Presbyopia is a common, age-related vision condition in which people have difficulty focusing on things up close. It involves the gradual loss of the eye’s ability to focus on close objects, such as smart phones, computers, books and menus.
Almost everyone will experience presbyopia to some degree as they age, with symptoms often first appearing as an individual enters their 40s and continues to worsen into their 60s.
In the U.S., an estimated 112 million people experience vision issues due to presbyopia – a number that’s expected to continue increasing.
The condition is not a disease, so it cannot be cured; however, there are safe and effective ways to correct presbyopia, including eye glasses, contact lenses or refractive surgery.
About the AcrySof® IQ Vivity™ IOL
The non-diffractive AcrySof® IQ VivityTM Extended Vision Posterior Chamber Intraocular Lens Model DFT015 (referred to as AcrySof® IQ VivityTM IOL) is a UV-absorbing and blue light filtering foldable intraocular lens (IOL). This IOL, compared to a monofocal IOL, provides an extended range of vision from distance to near without increasing the incidence of visual disturbances.
Potential side effects: As with any surgery, there is an implicit risk, whether or not the IOL is implanted.

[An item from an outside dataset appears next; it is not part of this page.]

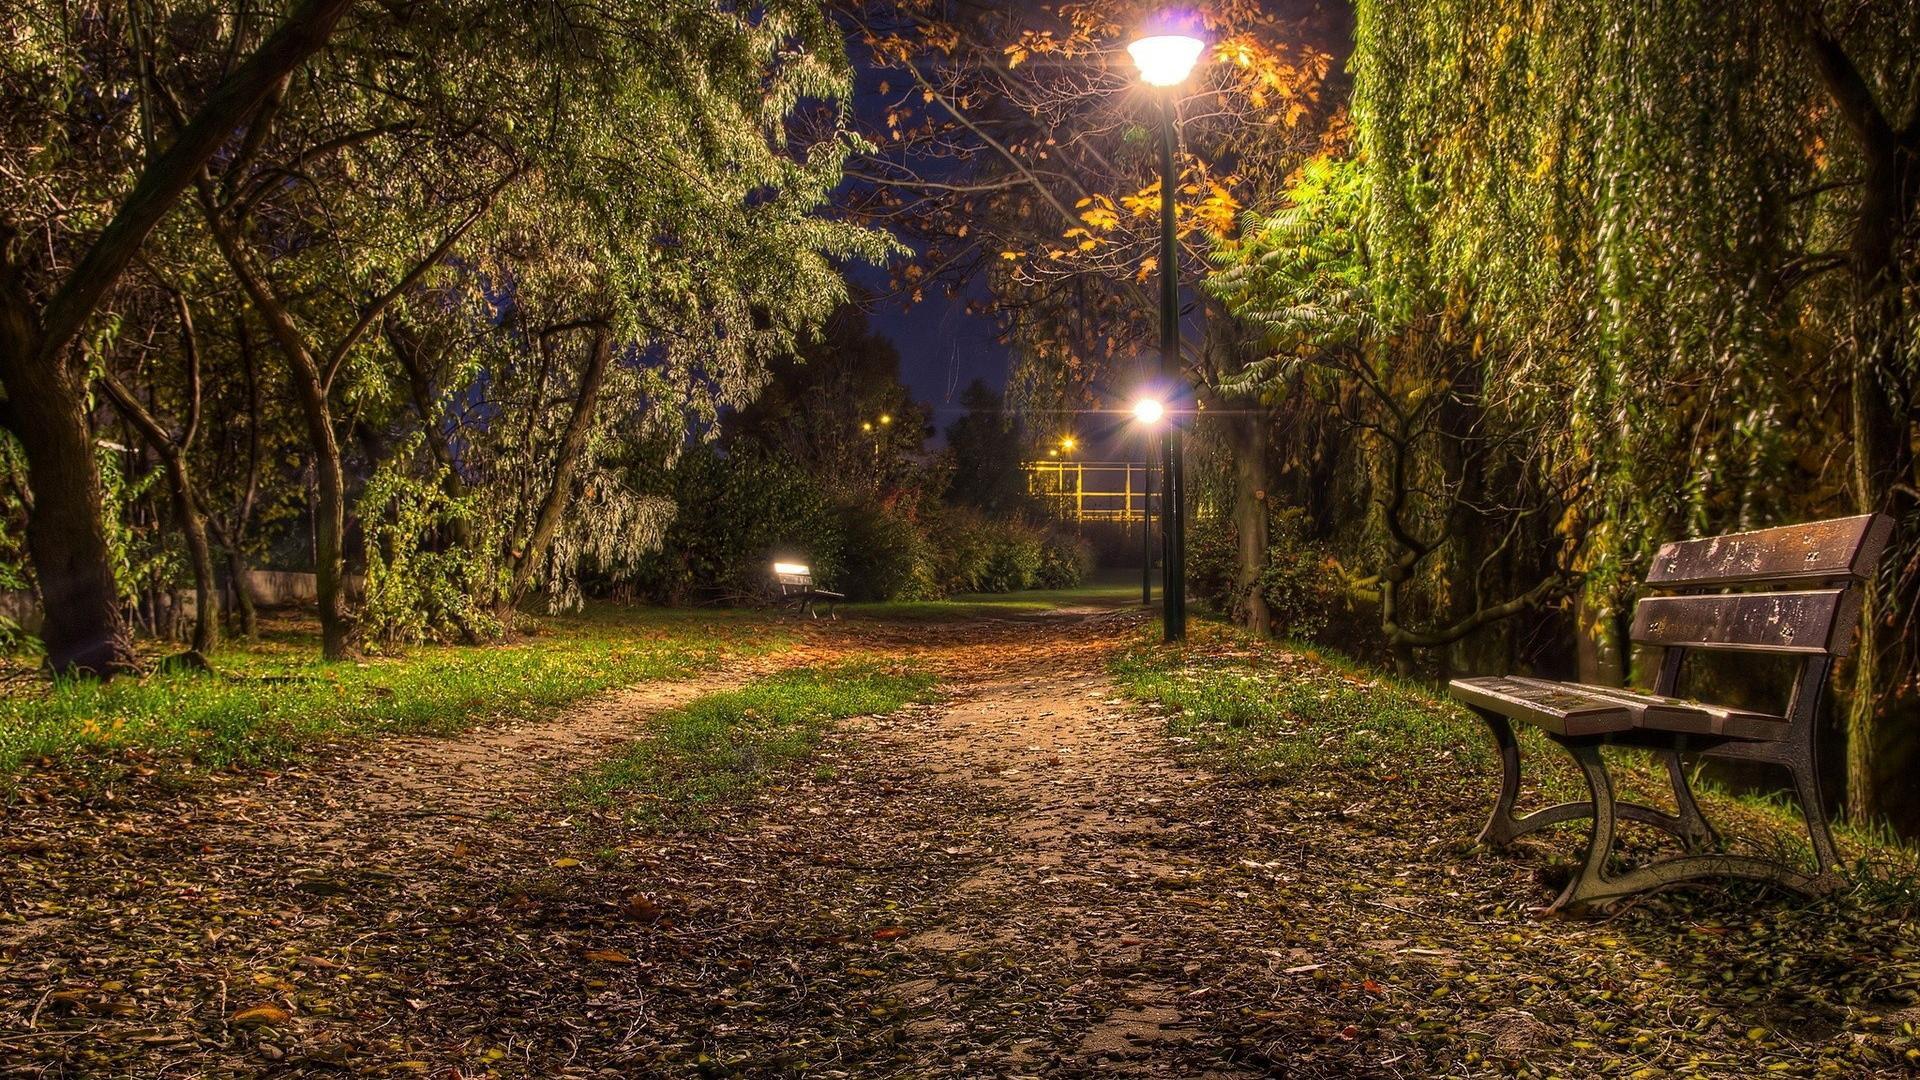 nighttime halloween games

The complications of the IOL implantation surgery ranges from minor side effects (usually temporary) to serious complications.
Patients with previous illnesses or disorders (such as chronic infections of the eye or eyelids, or diabetes) may present a higher risk of complications.

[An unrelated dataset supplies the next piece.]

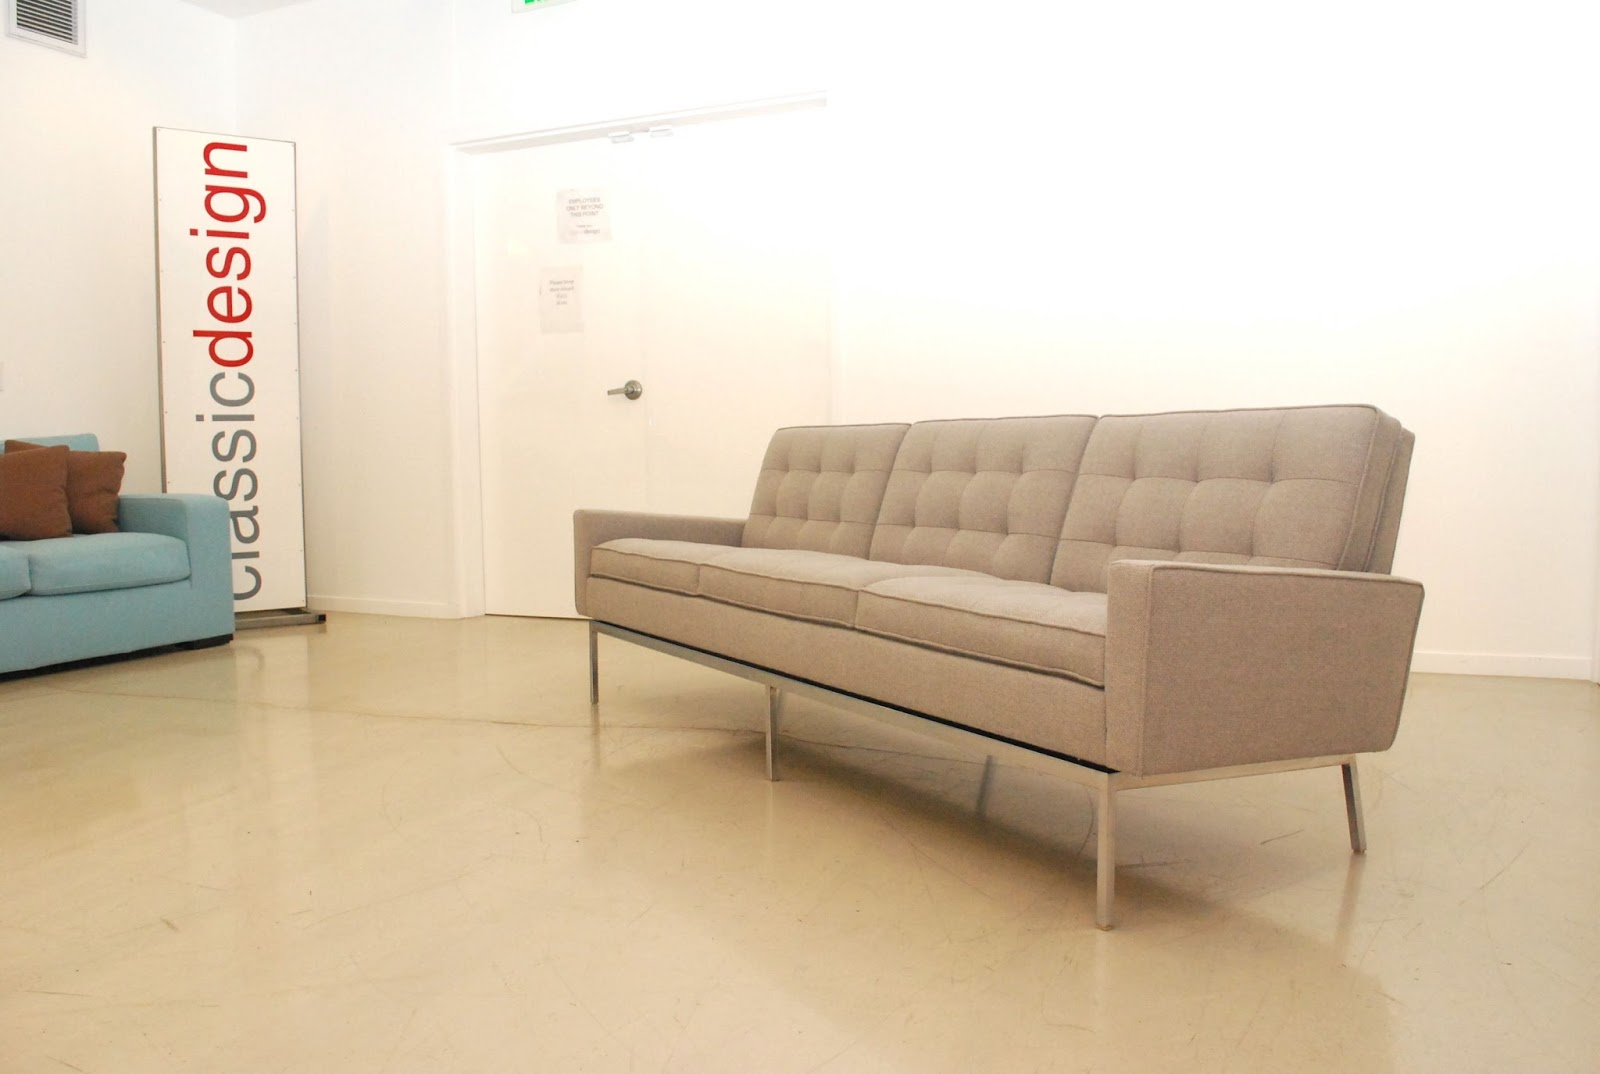 Merveilleux Before U0026 After: Vintage Florence Knoll Sofa

Temporary surgical complications include, but are not limited to, reactions to medications such as irritation or mild allergic response, bleeding, redness, itching of the eye, sensitivity to light, swelling, corneal edema (swelling of the cornea), problems with the iris, cell growth in the IOL, and an increase temporary eye pressure.
There is a small risk of needing further surgical treatment (such as IOL replacement implanted by a different one or surgery to improve vision) after the implantation of the initial IOL.